The data →
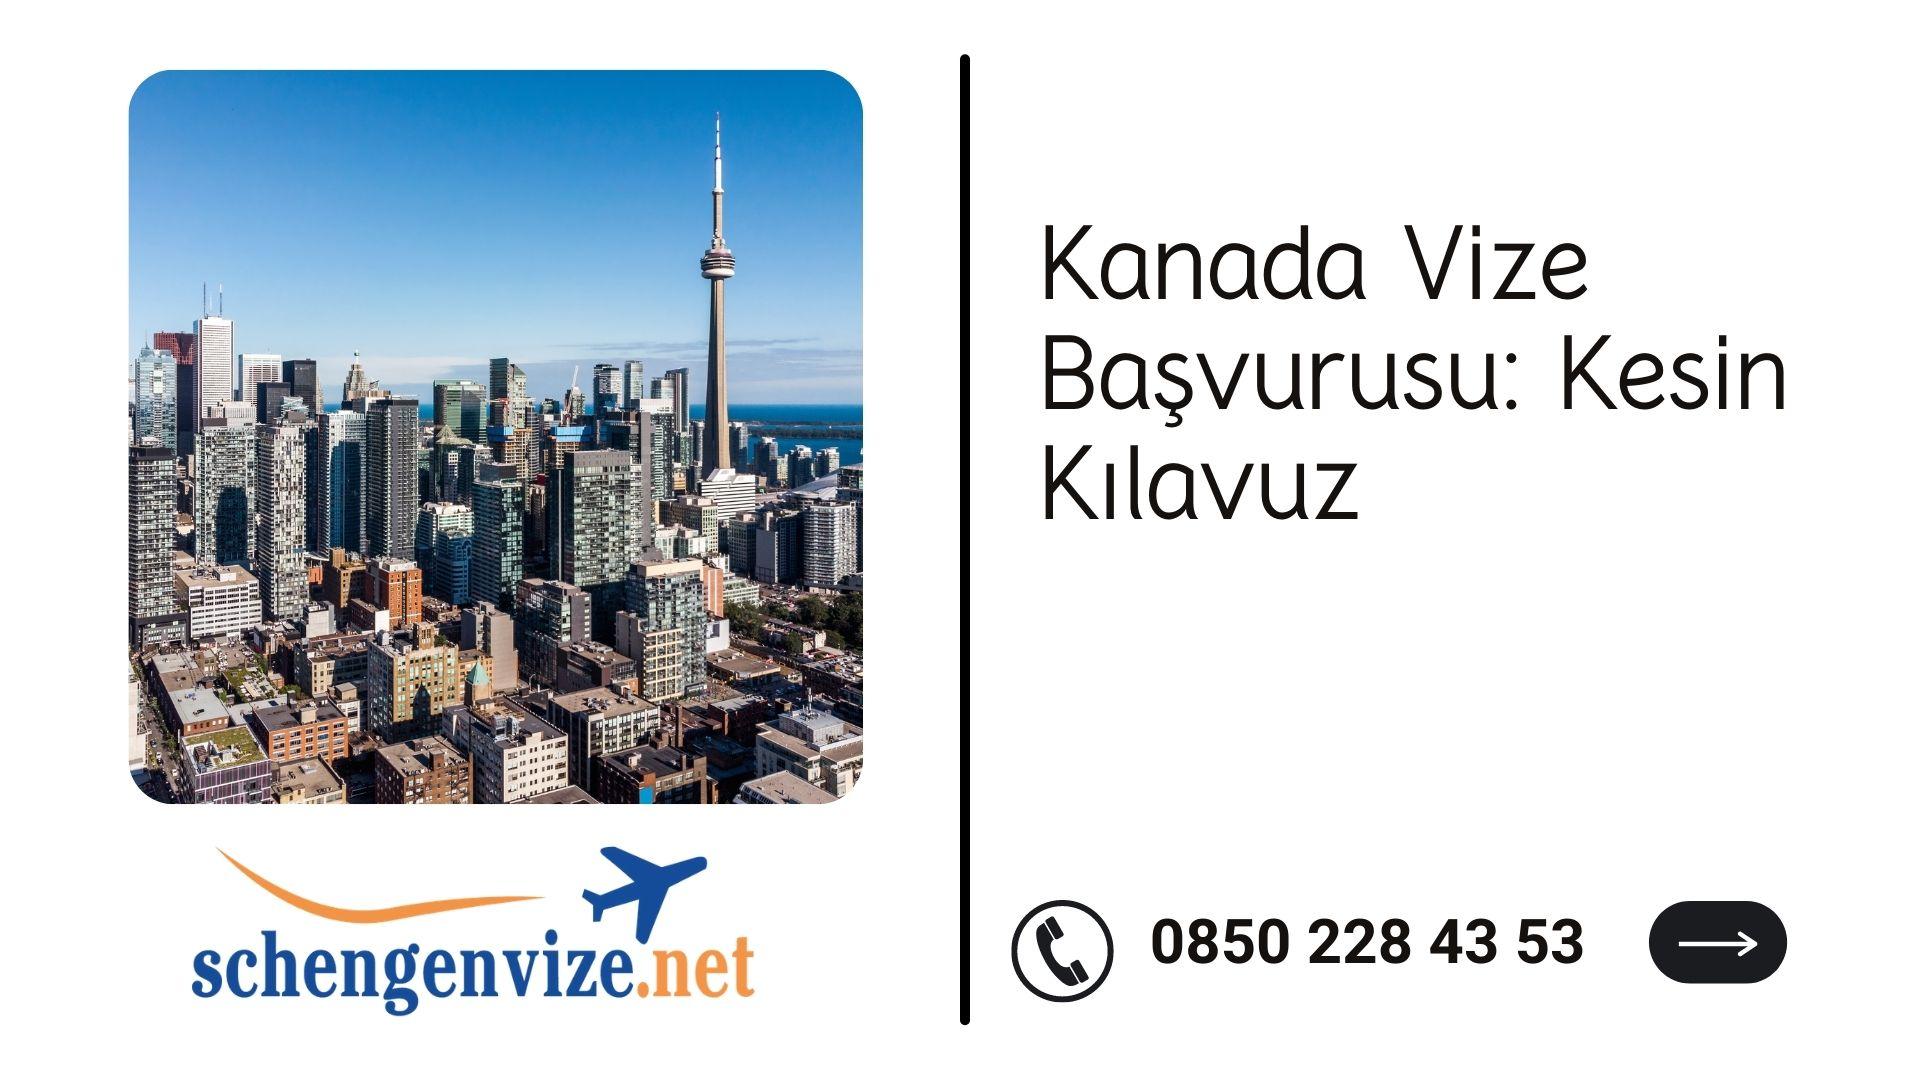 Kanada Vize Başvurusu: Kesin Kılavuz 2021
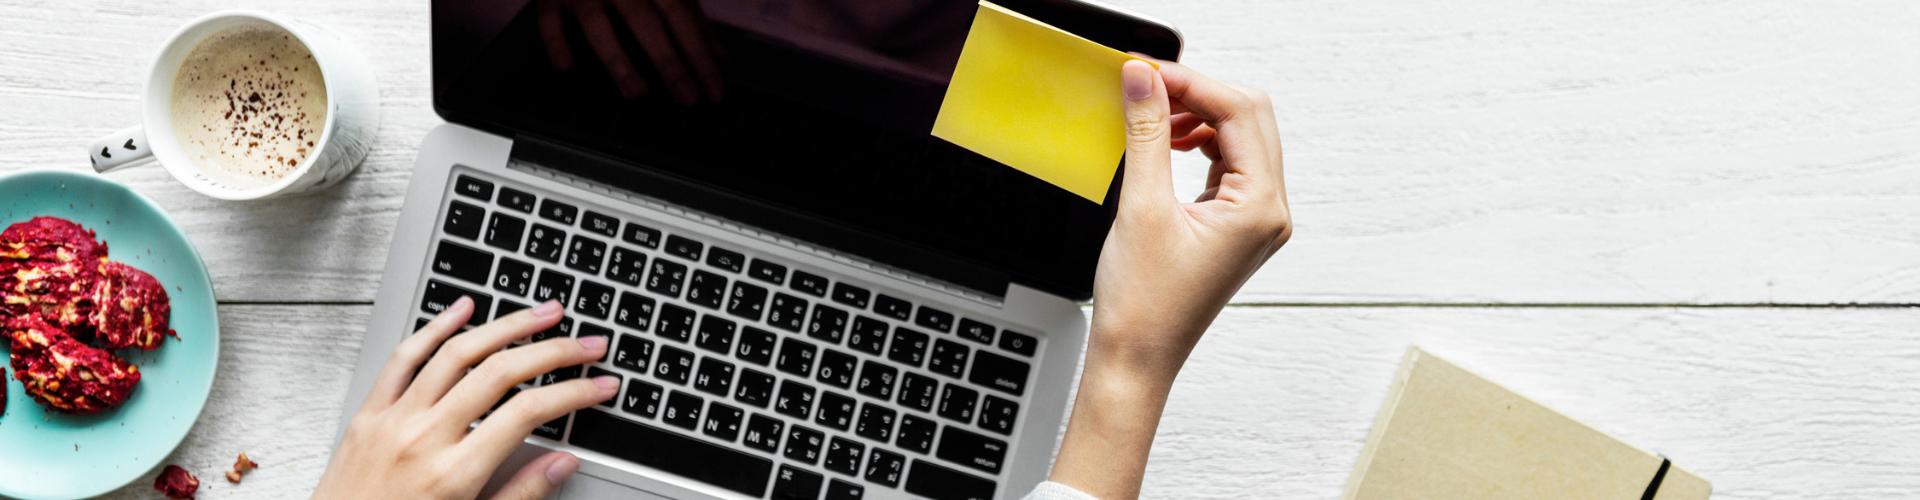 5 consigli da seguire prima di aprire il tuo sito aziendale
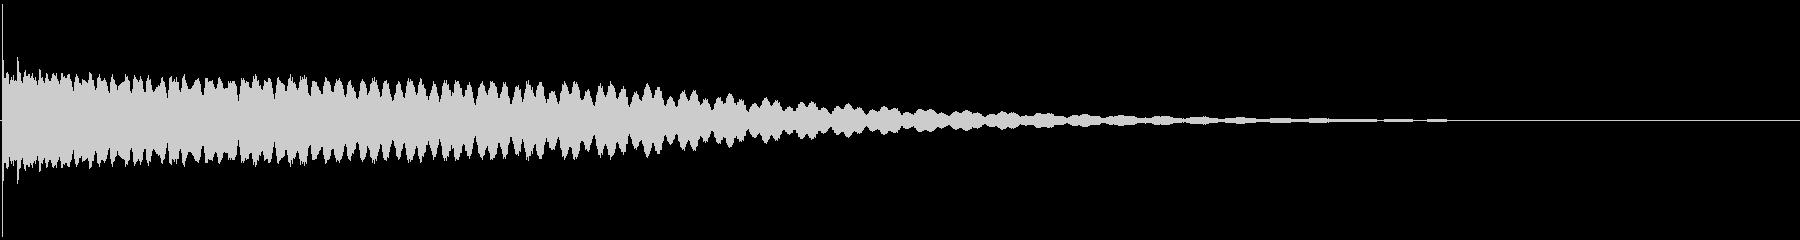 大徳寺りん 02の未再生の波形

Exercise → Leaving the pictures out, print every line of the listing exactly.

Solution →
 Kanada Vize Başvurusu: Kesin Kılavuz 2021
 5 consigli da seguire prima di aprire il tuo sito aziendale
 大徳寺りん 02の未再生の波形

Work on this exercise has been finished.